It is clear that “genuine expertise may be based on experience or training.” United States
v. Conn, 297 F.3d 548, 556 (7th Cir. 2002) (quoting Tyus v. Urban Search Mgmt., 102 F.3d 256,
263 (7th Cir. 1996)). “[W]hile extensive academic and practical expertise in an area is certainly
sufficient to qualify a potential witness as an expert, Rule 702 specifically contemplates the
admission of testimony by experts whose knowledge is based on experience.” Trustees of
Chicago Painters & Decorators Pension, Health & Welfare, & Deferred Sav. Plan Tr. Funds v.
Royal Int’l Drywall & Decorating, Inc., 493 F.3d 782, 787-88 (7th Cir. 2007) (citations and
quotations omitted). As such, courts “consider a proposed expert’s full range of practical
experience, as well as academic or technical training, when determining whether that expert is
qualified to render an opinion in a given area.” Id. (quoting Smith v.

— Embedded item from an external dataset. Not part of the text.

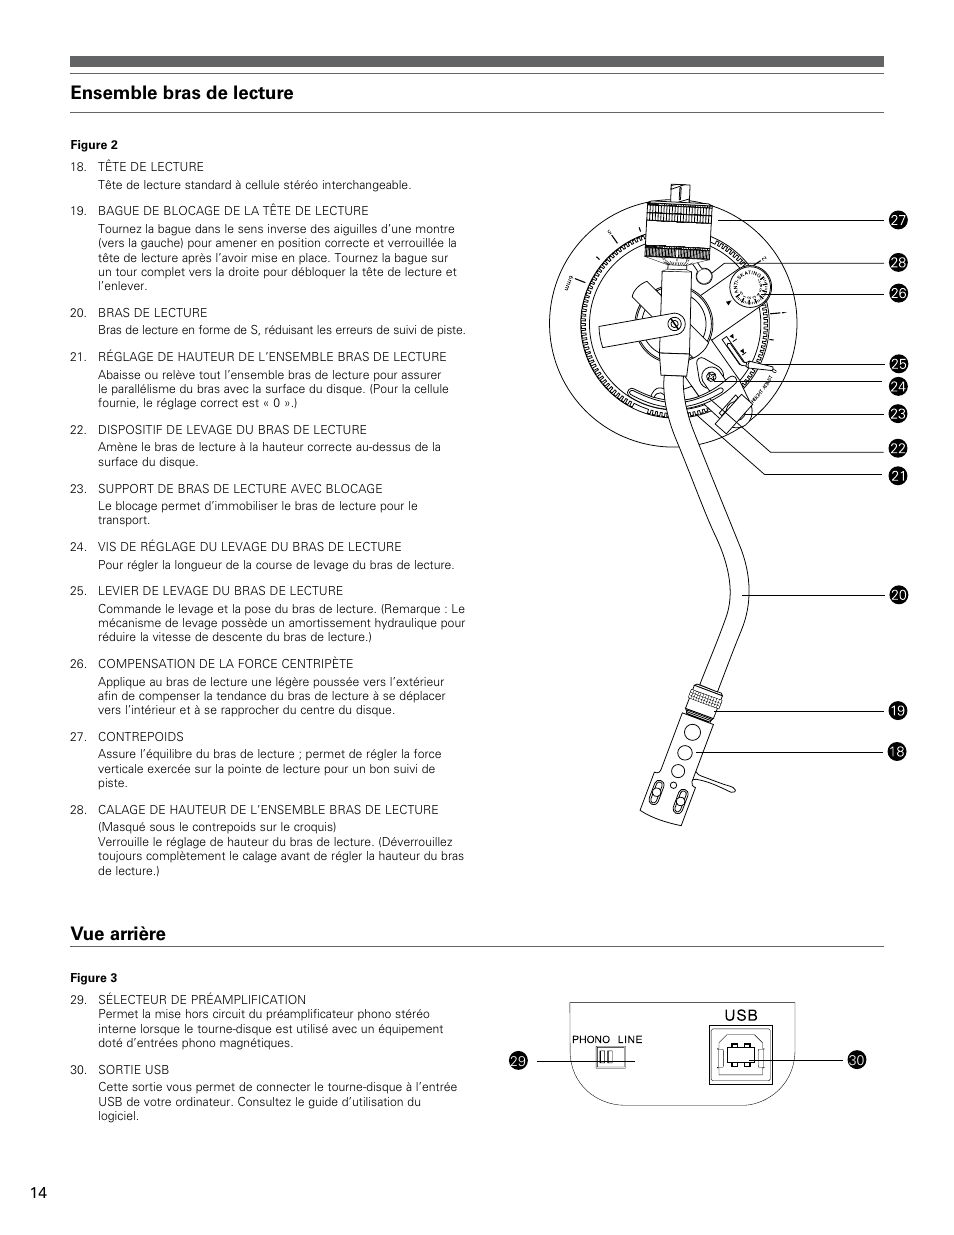 Ensemble bras de lecture, Vue arrière | Audio-Technica AT-LP120-USB User  Manual | Page 14 / 32 | Original mode

Ford Motor Co., 215 F.3d
713, 718 (7th Cir. 2000)).
The Seventh Circuit has also noted:
Where the gatekeeper and the factfinder are one and the same – that is, the judge
– the need to make such decisions prior to hearing testimony is lessened. See
United States v. Brown, 415 F.3d 1257, 1268-69 (11th Cir. 2005). That is not to
say that the scientific reliability requirement is lessened in such situations; the
point is only that the court can hear the evidence and make its reliability
determination during, rather than in advance of, trial. Thus, where the factfinder
and the gatekeeper are the same, the court does not err in admitting the evidence
subject to the ability later to exclude it or disregard it if it turns out not to meet the
standard of reliability established by Rule 702.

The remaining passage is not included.